Please sign in to post.

Solo Sicily Travels

Hello,
I am heading to Palermo, Sicily next month by myself for a yoga retreat. We have 2 planned excursions, (a walking tour, and a street food tour.) As I am traveling on my own, I want to make sure I blend in with the locals as much as possible. I am trying to plan what to pack, and the biggest thing that is giving me pause is shoes for the daytime. I read heels is what local women wear out for dinner, but at a loss for the rest of the day.

Thanks for the help!

Posted by
4303 posts

We were in Sicily last April and I wore my Birkenstocks, even to a dinner and wine tasting at an upscale winery. Don’t stress over it. Besides, if you’re not adept at walking in heels on cobblestone forget about it. It’s a sprained ankle waiting to happen.

Posted by
5109 posts

Wear what you find comfortable (as in comfort and style). Don't waste a second worrying about it.

Posted by
389 posts

I don't own a pair of heels and don't ever intend to wear them for the rest of my life!
After 5 trips to Italy and hopefully #6 coming up in May, I have always been treated with courtesy and kindness.
And I am now 71 solo female traveler for going on 20 years now. ( and yoga practice also)

Posted by
3517 posts

Hi, congratulations on your solo trip adventure!
It sounds wonderful.
I've been to Italy 12 times and have yet to see a tourist or visitor wearing heels at dinner.
I'm quite sure those heel-wearing women are dining at very upscale resorts and luxury hotels, and have not walked a single street to get there!
Italy is full of cobbled streets and broken uneven sidewalks, so you need to pack shoes that are flat-ish and comfortable to walk in.
For my shoes that I wear out to dinner, I take slip-on very plain black Skechers.
They are like slippers after walking all day in other sturdier shoes, but comfy enough to be safe on the streets so I don't break an ankle.
For your day time tours, you need comfy supportive walking shoes, runners or sandals.
There are so many types out there you will have no trouble finding some.
Just break them in before you travel if they are new.
I'm going to Palermo soon too, and am bringing running shoes to walk in, Columbia walking sandals if it gets warm, and my black Skechers for a change of shoe at night.
Don't try and blend in with the locals, be comfy instead.

Posted by
295 posts

I went to Palermo, Catania, Ragusa and Noto solo a few months ago.
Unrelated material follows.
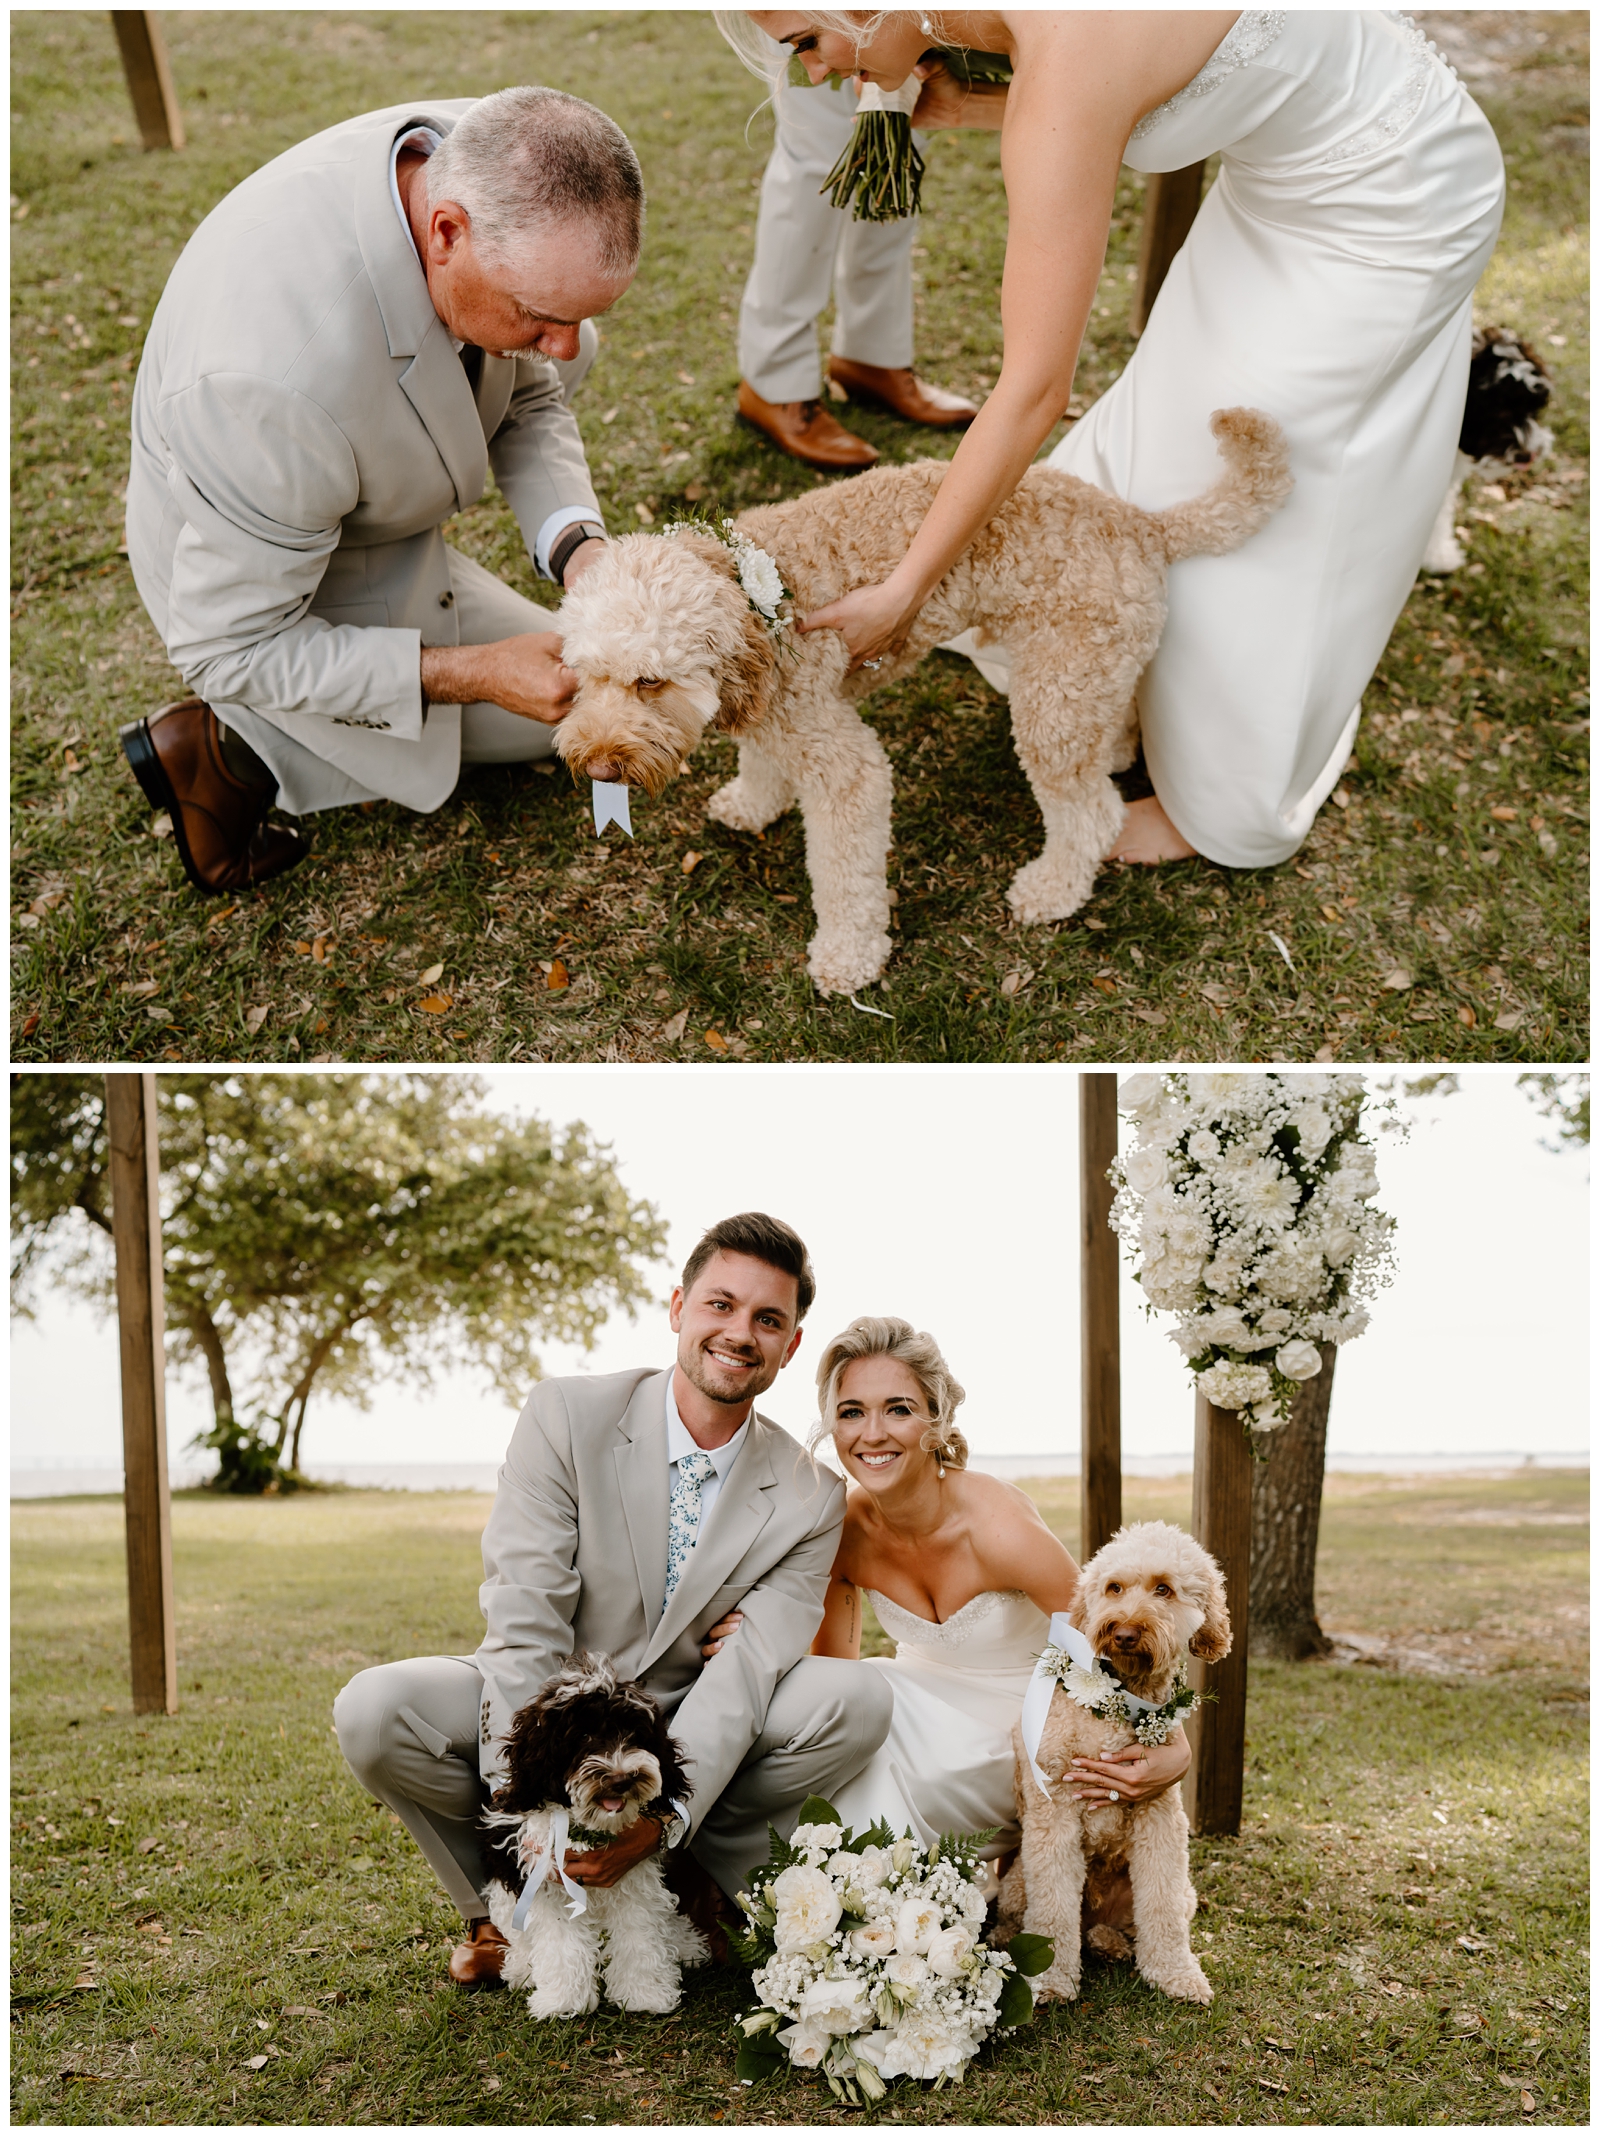 Newlyweds with their dogs on their wedding day in the Outer Banks
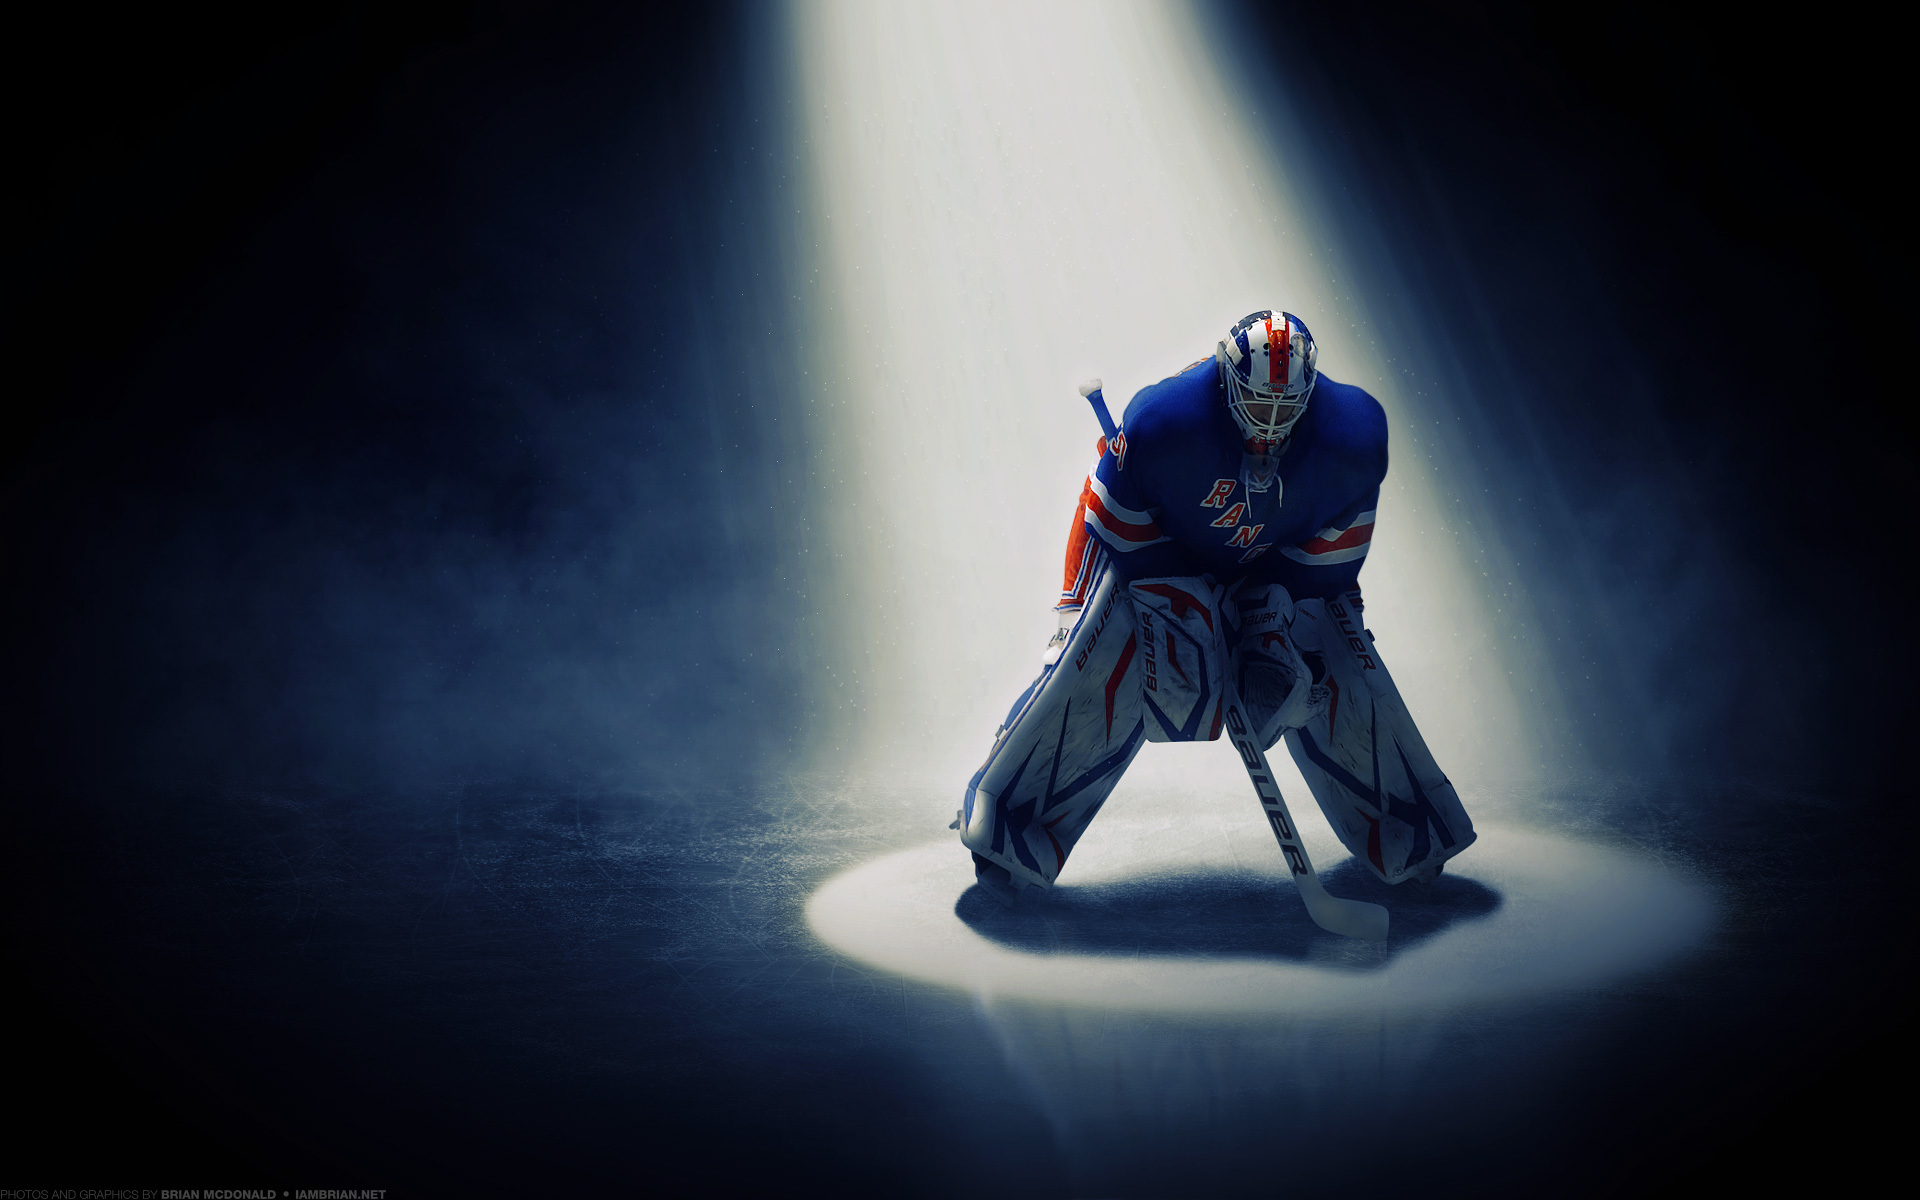  Henrik Lundqvist wallpapers and images   wallpapers pictures photos 1920x1200

I wore extremely plain clothes (khaki pants and plain black sweater, for example) and Doc Martens boots. Since I was alone, I was hoping to be unnoticed, but I was easily picked out as American.

I did write about my experience traveling solo in Sicily in the trip report section if you want to read it, but I can tell you from successfully blending in on previous Italy trips and from being in Sicily recently, you might see strappy sandals or wedge sandals at night, but in general, women weren't toddling around on heels. People in Sicily also seem to think anything under 65F is cold weather, so they wear sweaters and scarves and blazers if there's even a little chill. Flowy, printed items seemed to be popular for tops and dresses. Flowy pleated dress pants and cropped tops (not so much showing midriff, just meeting the pants) on the younger set and fitted bright suit style pants and scarves on the older set. There were some longer high waisted skirts with slits and fitted cropped tops as well.,

On previous trips I wore things like high waisted pants with thin sweaters (not me in the photo, lol) or patterned button ups, a shorter skirt with tights and a thin ribbed turtleneck, distressed cropped straight leg jeans with a white tank top and a super lightweight casual blazer, a long spaghetti strap dress with a lightweight fitted shirt underneath, and a remix of all those items (like putting the dress with the blazer, etc...). I don't know how much of it is my Roman profile, but I noticed that, when we ordered food or walked around, people tended to speak to me and my teenagers in Italian first even if they spoke to those around us in English first.

We were clocked as American more than once, of course, but my favorite was when I only said a few words of Italian to catch a taxi and the driver chatted away to me the whole way up a mountain. I understood just enough of what he said to follow until I missed something and had to ask him to repeat because I really only speak English. He let out the most disappointed groan and said, "Eeeggghh, English!" and stopped talking to me entirely! My daughters were cracking up.

Posted by
2817 posts

I noticed when we were in Milan two summers ago that lots of the women wore white sneakers with their outfits. This was a contrast to a visit probably 15 years ago when all the women were dressed in heels. The only white sneakers were walking style shoes on tourists.

Sleigh-I loved your Italian taxi story!

Posted by
16139 posts

I grew up in Florence, which has always been crowded with tourists and I could always tell a foreigner from an Italian no matter what they wore. People in Palermo will be able to do the same. So, forget blending with the locals. Just wear comfortable shoes and clothes, as nobody will care if you look like a tourist from abroad.